Et puis, un matin, la guerre-froide-et-tendue nous amena un paquet cadeau. La radio crépita une musique militaire. Rapidement, la musique fit place à une voix grave qui annonça que l'armée venait de prendre en mains les destinées de ce magnifique pays et qu'elle allait désormais lui tricoter un destin sans pareil. Couleur arc-en-ciel. Elle promettait la paix, la concorde nationale, la réconciliation, la civilisation, le bonheur. La nation entière allait se fondre dans un grand creuset pour une épuration sans précédent de laquelle chacun sortirait plus blanc que coton. Le lendemain, on découvrit dans la presse locale le visage de ce nouveau messie. Un inconnu complet. On apprit qu'il avait fait les guerres coloniales, combattant avec fureur des peuples qui voulaient se libérer.
Un nouveau départ, une nouvelle marche. Vers quelle destination ? Personne ne s'en était vraiment soucié. On décréta la mobilisation générale.
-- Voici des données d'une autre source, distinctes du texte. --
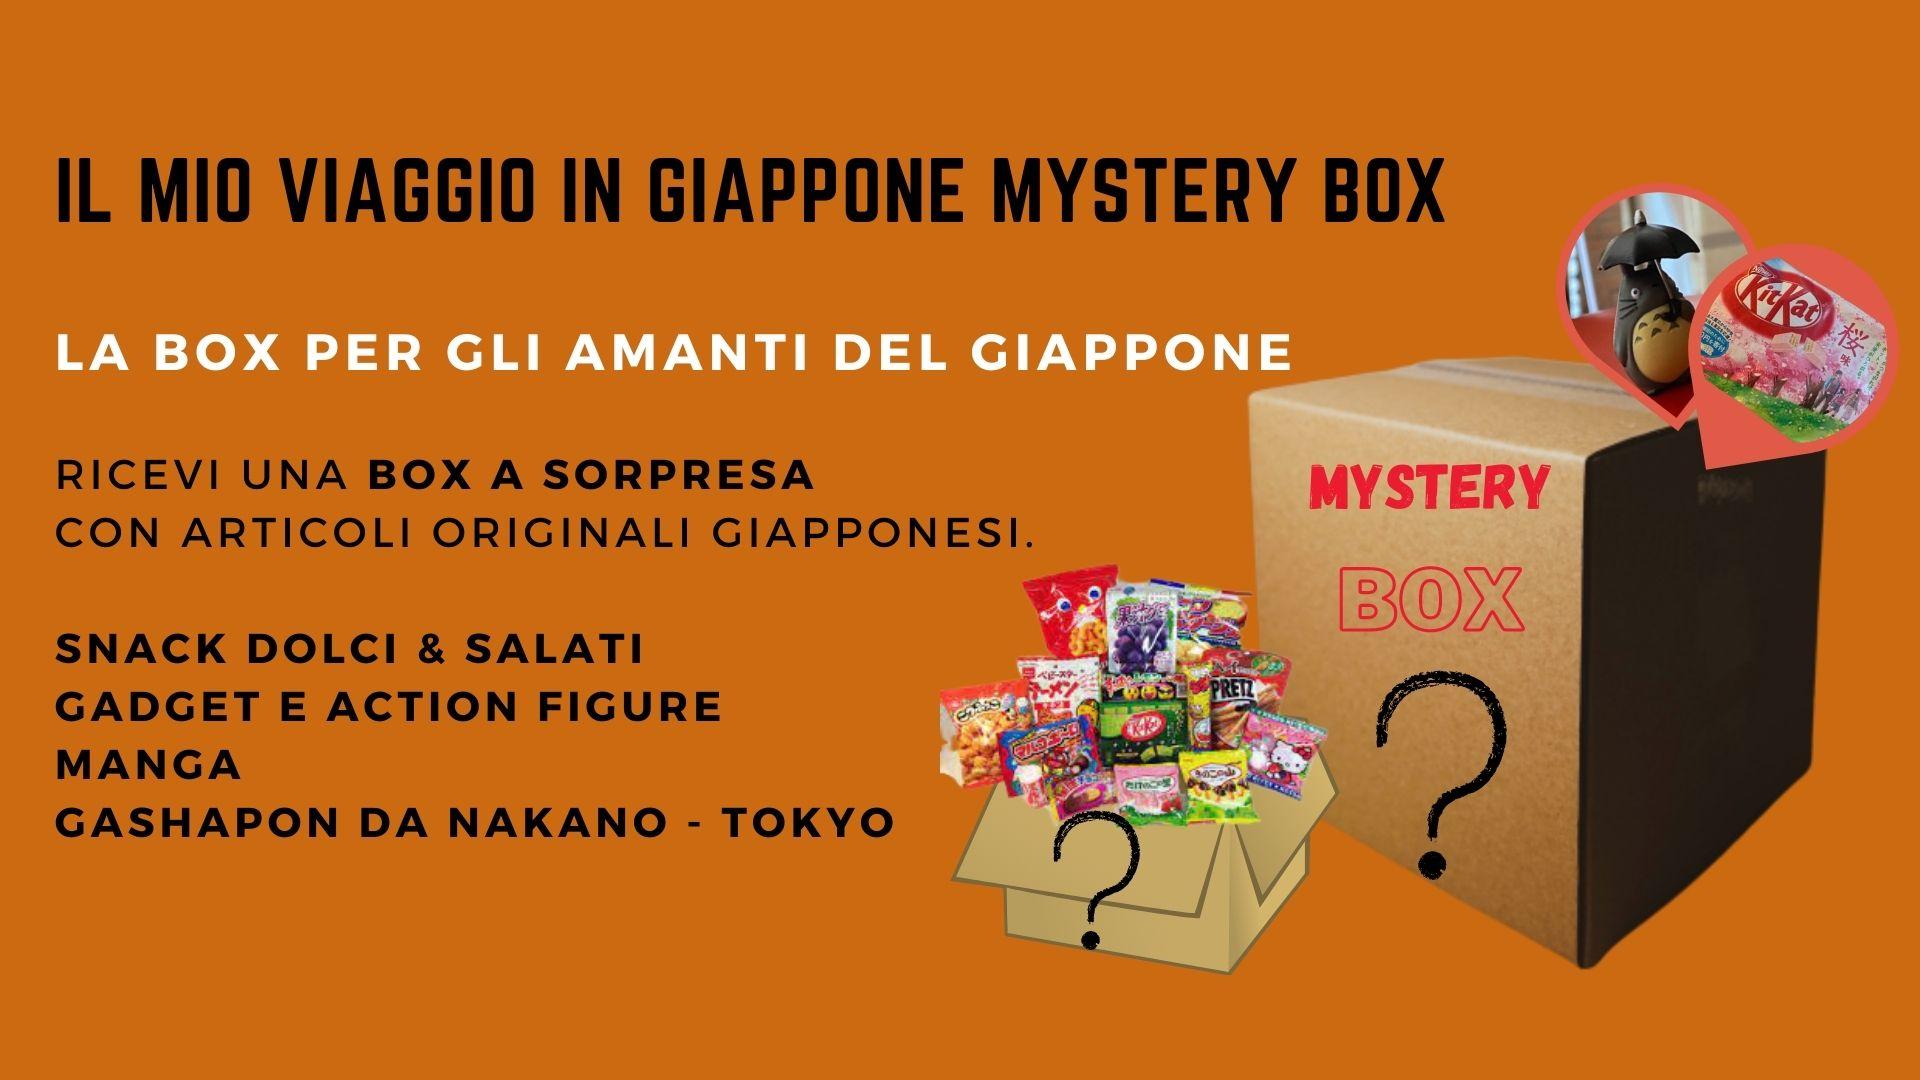 una box misteriosa con oggetti e snack dal Giappone

Marcher, encore marcher. La nouvelle marche. Un éclaireur nous était né. Suivre le guide. Quel guide ? L'indispensable. Le guide éclairé et éclairant. Le sauveur de la nation. Celui sans qui le soleil ne se lèverait pas le matin sur Gotovelli-en-Crétinie. L'homme sans peur. L'homme fort. Marcher, encore marcher ; à sa suite ; en long et en travers. La marche triomphale, tête haute, regard fixé sur l'étoile du matin, le grand combattant. Regarder dans la même direction, comme un seul homme. Un peuple de plusieurs millions d'habitants en voie d'abrutissement complet. Et gare aux hérétiques !!! Une croisade féroce contre toute voix dissidente.
Et puis, la nuit est tombée sur Gotovelli-en-Crétinie. Très vite, on s'aperçut que sur ce pays la guerre-froide-et-tendue provoquerait des dégâts collatéraux incalculables. Quelques mois avaient suffi pour vérifier cette hypothèse. Nous avions du nez. Parti unique, parti cynique. Parti-état, parti tatillon. Crimes ordinaires, crimes arbitraires : purges régulières dans l'armée, tortures de civils insoumis, exécutions extrajudiciaires, viols... Environnement liberticide dans tous les domaines. Barrages de militaires sur toutes les routes. Autorisation de sortie et de déplacement à présenter. La nouvelle marche était en route. C'était la révolution. Avec un guide de la révolution.
Dans le même temps, la foule des gens ordinaires, des gens de peu, conditionnés, caporalisés ne ménageaient pas leur soutien au nouveau locataire du palais. Son excellence portait le nom sublime de Guidémon Titi. Un nom extraordinaire. Marcher, encore marcher, toujours marcher. Vers quelle destination ? Une question à ne pas se poser. On marche ! On soutient ! Que vive Guidémon Titi, notre président à vie ! Circulez !! La machine à fabriquer le dictateur était en marche.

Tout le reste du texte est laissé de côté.